Quality control (QC) is crucial in ensuring sufficient image quality for accurately diagnosing knee diseases. Typically, QC of knee joint radiographs involves quantitative measurements of imaging quality, such as the signal-to-noise ratio, level of sharpness, and number of artifacts, along with a number of positioning criteria. These criteria include the overlap ratio of the fibular head with the tibia on AP and LAT projections, the flexion angle on LAT projections, sufficient overlap of the femoral condyles on LAT projections, femoral and tibial condyles symmetry on AP projections, patella position on both AP and LAT projections, and visualization of the joint space. To qualify as clinically acceptable, knee joint radiographs must meet specific criteria [15], as follows:

  • For AP knee radiographs, the following must be met: (1) The image should show the femoral and tibial condyles as well as the fibular head, with the articular surface in the center of the image. (2) The capitellum of the fibula should only slightly overlap with the tibia. (3) All bone textures of the knee joint should be clearly visible, and the surrounding soft tissue should be visible. (4) The knee joint should be fully displayed in the center of the image and parallel to the long axis of the image.

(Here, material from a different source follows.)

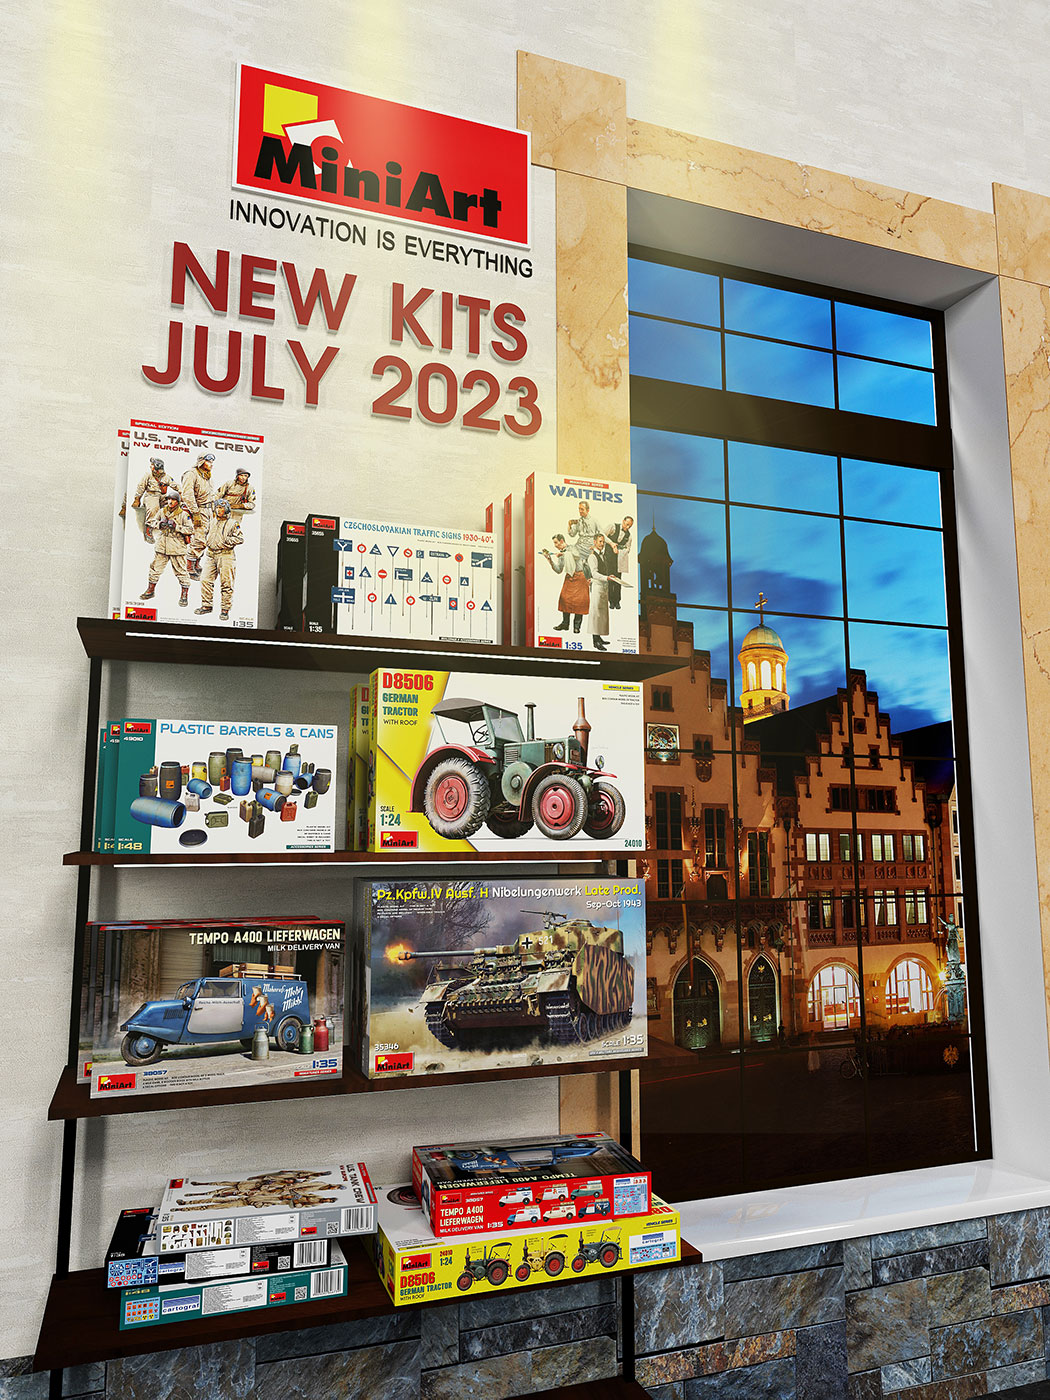 New MiniArt Kits Available July 2023

  • For LAT knee radiographs, the following criteria must be met: (1) The knee joint space should be in the center of the image, and the femoral condyle and tibial plateau should overlap well. (2) The patella should be displayed laterally, with a clear gap with the femur, and the articular surface border should be sharp and without shadowing. (3) There should be minimal overlap of the femur and tibial plateau. (4) All bone textures of the knee joint should be clearly visible, as should the surrounding soft tissues.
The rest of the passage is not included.